- Born: 10 May 1932
- Died: 14 November 2009 (aged 77)
- Citizenship: Sweden
- Awards: Årets geolog Pander Medal
- Scientific career
- Fields: Geology, Paleontology, Meteoritics
- Workplaces: Stockholm University

= Maurits Lindström =

Swedish geologist and paleontologist

Maurits Lindström (10 May 1932 – 14 November 2009) was a Swedish geologist and paleontologist. Lindström's initial work was divided among two topics conodont paleontology and the structural geology of the Scandinavian Caledonides in Lappland.

In 1970, he described the conodont families Cordylodontidae, Gondolellidae, Proconodontidae and Rhipidognathidae. In 1971, he described the conodont genera Baltoniodus, Microzarkodina and Paracordylodus.

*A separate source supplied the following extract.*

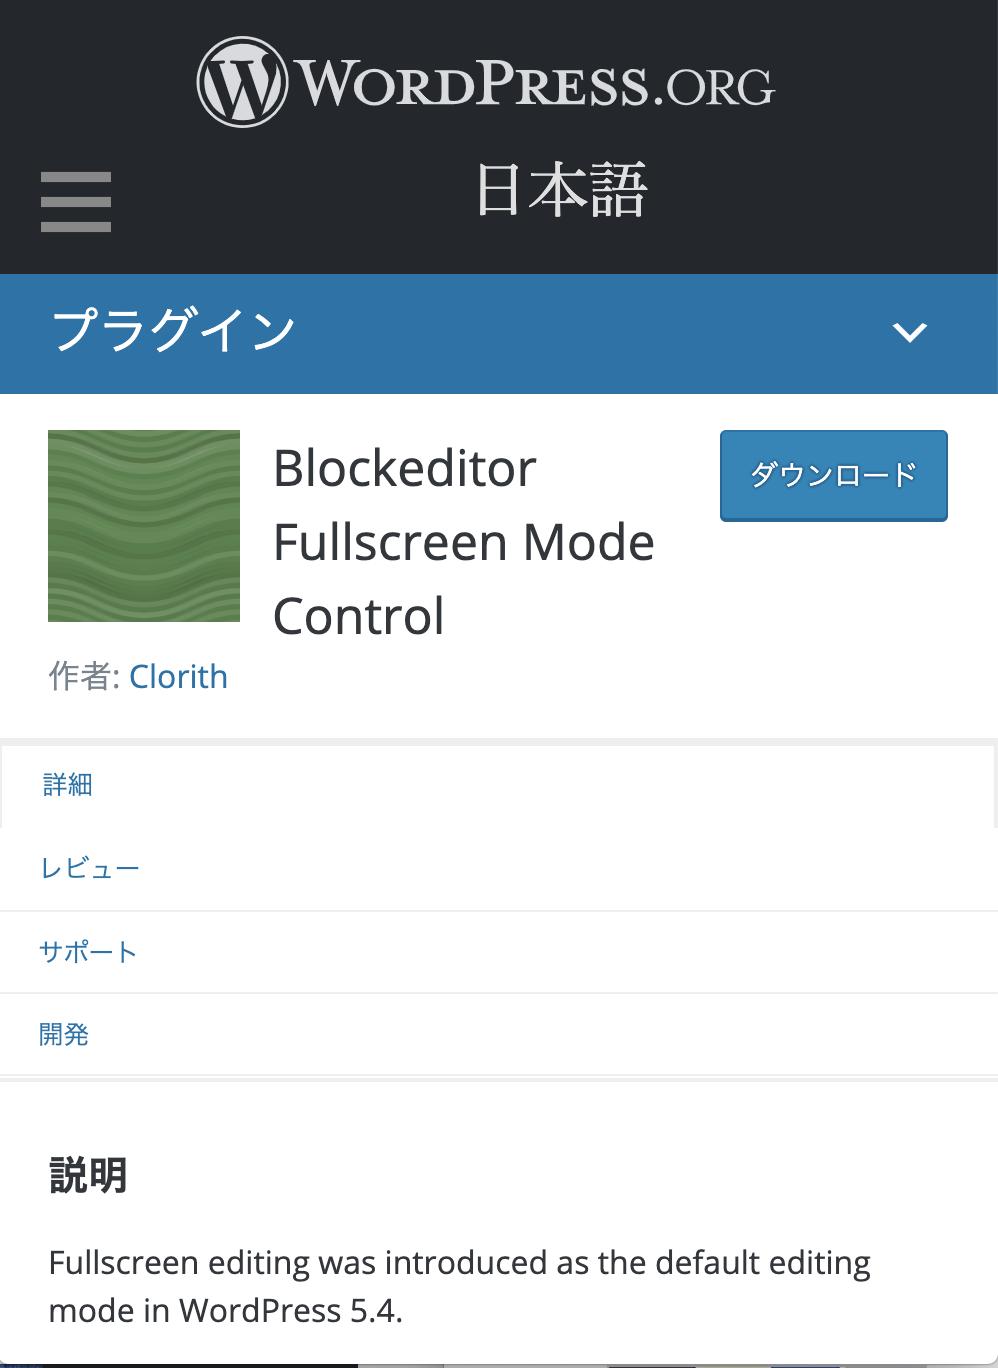 WordPress 5.4 ブロックエディターのフルスクリーンモードを制御するプラグイン Blockeditor Fullscreen Mode Control
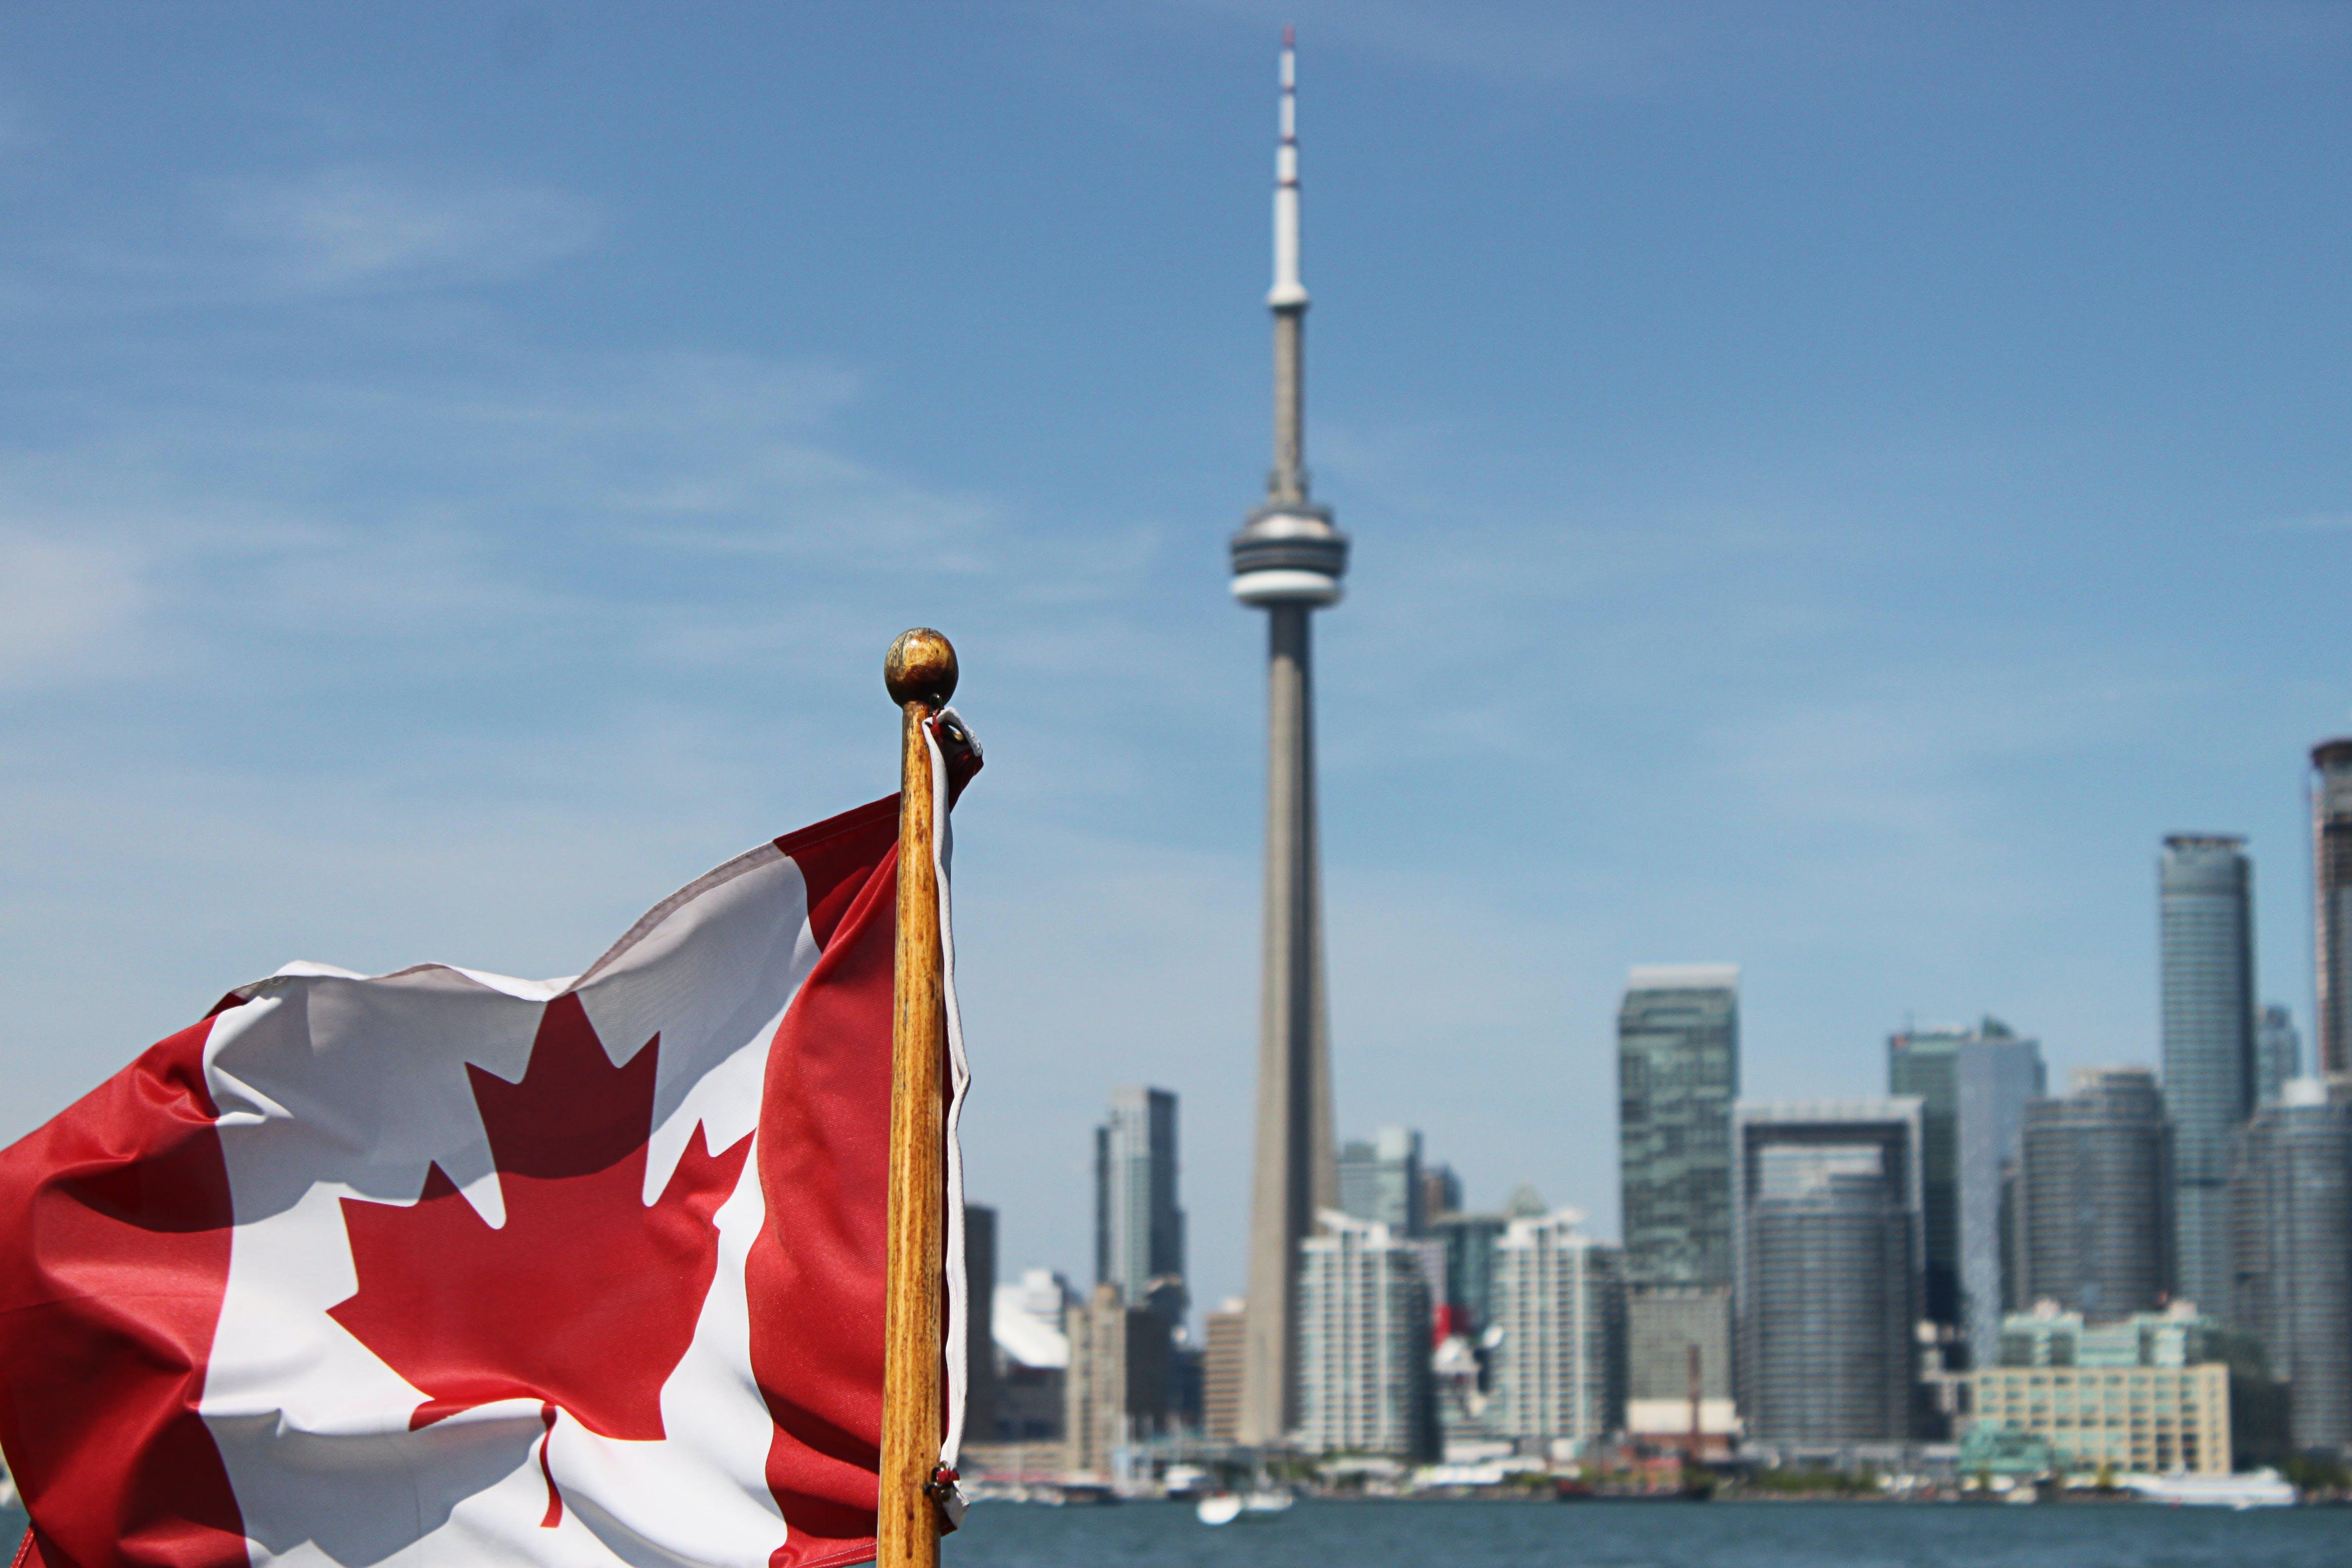 Free stock photo of Toronto

Lindström published conodont studies up to 1987 after which he only supervised students working with conodonts.

In the late 1980s Lindström began to study ancient impact craters in the Fennoscandian Shield. His studies have confirmed earlier speculations that Tvären and Lockne are craters.

== Awards and tributes ==
In 1985 he became member of the Royal Swedish Academy of Sciences and in 2009 he was awarded the prize "Årets geolog" (Geologist of the Year) by Geosektionen of Naturvetarna.

He received the Pander Medal awarded by the Pander Society, an informal organisation founded in 1967 for the promotion of the study of conodont palaeontology.